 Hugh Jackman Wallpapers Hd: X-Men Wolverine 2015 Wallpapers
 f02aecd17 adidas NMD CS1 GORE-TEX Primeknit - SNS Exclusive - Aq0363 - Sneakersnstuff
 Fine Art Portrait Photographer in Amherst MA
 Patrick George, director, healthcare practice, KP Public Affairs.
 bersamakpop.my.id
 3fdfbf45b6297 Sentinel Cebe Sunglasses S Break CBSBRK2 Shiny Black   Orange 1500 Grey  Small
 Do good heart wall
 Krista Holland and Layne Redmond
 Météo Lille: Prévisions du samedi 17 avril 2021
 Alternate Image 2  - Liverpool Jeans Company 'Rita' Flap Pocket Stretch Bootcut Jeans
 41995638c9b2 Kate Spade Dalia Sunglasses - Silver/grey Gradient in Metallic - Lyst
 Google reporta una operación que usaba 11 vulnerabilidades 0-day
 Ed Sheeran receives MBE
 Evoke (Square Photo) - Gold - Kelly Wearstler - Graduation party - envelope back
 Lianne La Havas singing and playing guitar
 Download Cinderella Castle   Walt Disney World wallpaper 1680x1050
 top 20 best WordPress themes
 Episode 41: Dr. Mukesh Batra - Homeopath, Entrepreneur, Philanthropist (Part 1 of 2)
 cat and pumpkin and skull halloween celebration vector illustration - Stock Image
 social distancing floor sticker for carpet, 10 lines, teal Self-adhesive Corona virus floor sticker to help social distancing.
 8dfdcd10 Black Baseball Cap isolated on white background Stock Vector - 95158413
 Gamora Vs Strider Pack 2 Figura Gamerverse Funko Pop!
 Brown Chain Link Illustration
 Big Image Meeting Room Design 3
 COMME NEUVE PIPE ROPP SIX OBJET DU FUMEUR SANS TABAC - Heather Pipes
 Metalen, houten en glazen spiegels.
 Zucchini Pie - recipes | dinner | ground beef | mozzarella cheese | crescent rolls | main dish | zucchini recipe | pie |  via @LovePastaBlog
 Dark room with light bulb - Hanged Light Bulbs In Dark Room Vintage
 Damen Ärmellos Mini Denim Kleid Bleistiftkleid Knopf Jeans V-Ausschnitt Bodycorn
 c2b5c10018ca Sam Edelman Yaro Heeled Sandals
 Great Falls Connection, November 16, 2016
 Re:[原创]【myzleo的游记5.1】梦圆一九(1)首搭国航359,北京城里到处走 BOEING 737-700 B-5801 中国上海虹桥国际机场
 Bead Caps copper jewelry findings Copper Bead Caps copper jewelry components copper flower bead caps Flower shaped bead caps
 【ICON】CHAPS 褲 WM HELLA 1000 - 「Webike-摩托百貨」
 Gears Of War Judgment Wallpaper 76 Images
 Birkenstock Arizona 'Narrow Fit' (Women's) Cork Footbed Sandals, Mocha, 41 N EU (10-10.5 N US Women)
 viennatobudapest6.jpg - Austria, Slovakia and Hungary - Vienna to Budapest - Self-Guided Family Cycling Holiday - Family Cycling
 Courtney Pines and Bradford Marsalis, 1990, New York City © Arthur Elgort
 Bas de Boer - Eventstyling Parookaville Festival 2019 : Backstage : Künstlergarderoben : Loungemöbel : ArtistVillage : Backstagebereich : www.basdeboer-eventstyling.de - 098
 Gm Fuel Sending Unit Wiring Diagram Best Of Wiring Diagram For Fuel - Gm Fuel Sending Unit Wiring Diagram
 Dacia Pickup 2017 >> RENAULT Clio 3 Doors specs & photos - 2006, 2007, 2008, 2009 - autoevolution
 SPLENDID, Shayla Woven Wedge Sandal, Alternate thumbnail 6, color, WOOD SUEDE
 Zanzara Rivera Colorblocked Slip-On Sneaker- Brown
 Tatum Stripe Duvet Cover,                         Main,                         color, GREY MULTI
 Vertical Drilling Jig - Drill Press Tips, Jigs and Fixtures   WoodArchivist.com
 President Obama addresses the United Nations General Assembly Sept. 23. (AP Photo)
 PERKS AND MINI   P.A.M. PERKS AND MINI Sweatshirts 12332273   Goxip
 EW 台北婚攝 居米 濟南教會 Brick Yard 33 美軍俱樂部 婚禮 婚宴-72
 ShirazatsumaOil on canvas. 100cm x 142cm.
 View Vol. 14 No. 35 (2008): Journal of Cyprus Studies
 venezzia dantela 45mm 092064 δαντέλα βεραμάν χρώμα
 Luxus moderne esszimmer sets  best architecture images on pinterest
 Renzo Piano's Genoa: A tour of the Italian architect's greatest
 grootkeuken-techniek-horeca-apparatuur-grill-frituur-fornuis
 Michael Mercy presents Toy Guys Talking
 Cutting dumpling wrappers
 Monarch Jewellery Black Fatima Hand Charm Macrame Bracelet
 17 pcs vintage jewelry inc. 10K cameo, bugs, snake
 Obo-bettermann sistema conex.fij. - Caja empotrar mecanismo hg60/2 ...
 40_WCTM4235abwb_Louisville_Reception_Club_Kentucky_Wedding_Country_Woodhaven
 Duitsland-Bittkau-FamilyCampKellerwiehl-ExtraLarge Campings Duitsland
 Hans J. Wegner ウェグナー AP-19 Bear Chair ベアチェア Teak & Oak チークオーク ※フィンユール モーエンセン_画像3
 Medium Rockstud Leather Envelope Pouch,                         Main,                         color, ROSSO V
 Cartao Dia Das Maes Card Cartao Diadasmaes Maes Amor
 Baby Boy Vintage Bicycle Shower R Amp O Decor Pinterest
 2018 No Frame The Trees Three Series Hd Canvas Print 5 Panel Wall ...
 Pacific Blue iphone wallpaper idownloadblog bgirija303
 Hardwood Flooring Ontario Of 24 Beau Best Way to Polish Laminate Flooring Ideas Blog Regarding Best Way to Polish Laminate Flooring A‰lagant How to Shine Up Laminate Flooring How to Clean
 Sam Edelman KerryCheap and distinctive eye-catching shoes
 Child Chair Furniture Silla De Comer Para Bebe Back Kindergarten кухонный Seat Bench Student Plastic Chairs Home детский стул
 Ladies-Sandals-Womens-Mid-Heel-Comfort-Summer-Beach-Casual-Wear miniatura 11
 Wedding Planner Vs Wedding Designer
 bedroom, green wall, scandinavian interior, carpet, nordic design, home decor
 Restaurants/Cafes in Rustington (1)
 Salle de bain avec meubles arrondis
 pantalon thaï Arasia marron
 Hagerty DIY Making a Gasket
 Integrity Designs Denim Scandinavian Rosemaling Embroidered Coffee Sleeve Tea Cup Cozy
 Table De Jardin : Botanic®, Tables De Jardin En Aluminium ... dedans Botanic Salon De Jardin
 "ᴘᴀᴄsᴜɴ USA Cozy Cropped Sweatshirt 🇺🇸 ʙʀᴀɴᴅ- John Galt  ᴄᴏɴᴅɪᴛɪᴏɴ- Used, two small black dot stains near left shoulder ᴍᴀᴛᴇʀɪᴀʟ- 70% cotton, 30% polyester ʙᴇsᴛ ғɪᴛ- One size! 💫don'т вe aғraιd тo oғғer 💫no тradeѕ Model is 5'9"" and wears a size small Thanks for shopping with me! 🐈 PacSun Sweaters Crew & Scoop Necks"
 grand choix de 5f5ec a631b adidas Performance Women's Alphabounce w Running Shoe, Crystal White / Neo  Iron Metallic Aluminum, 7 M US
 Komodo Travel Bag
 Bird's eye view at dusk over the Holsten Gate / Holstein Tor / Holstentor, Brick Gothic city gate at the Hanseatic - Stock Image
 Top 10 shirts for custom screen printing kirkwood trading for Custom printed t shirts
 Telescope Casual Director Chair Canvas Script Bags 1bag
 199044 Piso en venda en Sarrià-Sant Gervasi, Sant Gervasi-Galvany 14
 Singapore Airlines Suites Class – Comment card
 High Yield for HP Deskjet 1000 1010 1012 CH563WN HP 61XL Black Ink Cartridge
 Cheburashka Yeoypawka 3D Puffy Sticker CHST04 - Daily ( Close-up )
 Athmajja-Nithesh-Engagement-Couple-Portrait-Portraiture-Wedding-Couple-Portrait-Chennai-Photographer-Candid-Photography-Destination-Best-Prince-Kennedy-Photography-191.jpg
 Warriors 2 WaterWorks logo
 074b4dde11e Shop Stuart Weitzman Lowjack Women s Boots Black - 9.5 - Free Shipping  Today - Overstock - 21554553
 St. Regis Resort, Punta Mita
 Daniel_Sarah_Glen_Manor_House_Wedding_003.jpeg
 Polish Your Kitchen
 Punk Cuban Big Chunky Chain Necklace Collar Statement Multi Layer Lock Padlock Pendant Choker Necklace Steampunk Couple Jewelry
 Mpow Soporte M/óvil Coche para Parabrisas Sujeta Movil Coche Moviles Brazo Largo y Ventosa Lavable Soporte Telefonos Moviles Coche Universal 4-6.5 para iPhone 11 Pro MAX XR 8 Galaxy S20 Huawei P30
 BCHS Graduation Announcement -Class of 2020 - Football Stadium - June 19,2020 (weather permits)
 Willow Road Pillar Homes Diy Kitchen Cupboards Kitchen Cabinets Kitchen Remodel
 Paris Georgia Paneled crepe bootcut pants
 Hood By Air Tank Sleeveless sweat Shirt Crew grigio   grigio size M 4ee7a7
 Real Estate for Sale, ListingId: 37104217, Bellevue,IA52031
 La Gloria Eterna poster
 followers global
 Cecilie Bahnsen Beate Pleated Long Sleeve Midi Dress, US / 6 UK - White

▶ EXERCISE REQUIREMENTS
Out of the data above, set down the lines from the one with "bersamakpop.my.id" to the one with "Ed Sheeran receives MBE", both included, exactly as written and with no additions.

▶ RESULT BELOW
 bersamakpop.my.id
 3fdfbf45b6297 Sentinel Cebe Sunglasses S Break CBSBRK2 Shiny Black   Orange 1500 Grey  Small
 Do good heart wall
 Krista Holland and Layne Redmond
 Météo Lille: Prévisions du samedi 17 avril 2021
 Alternate Image 2  - Liverpool Jeans Company 'Rita' Flap Pocket Stretch Bootcut Jeans
 41995638c9b2 Kate Spade Dalia Sunglasses - Silver/grey Gradient in Metallic - Lyst
 Google reporta una operación que usaba 11 vulnerabilidades 0-day
 Ed Sheeran receives MBE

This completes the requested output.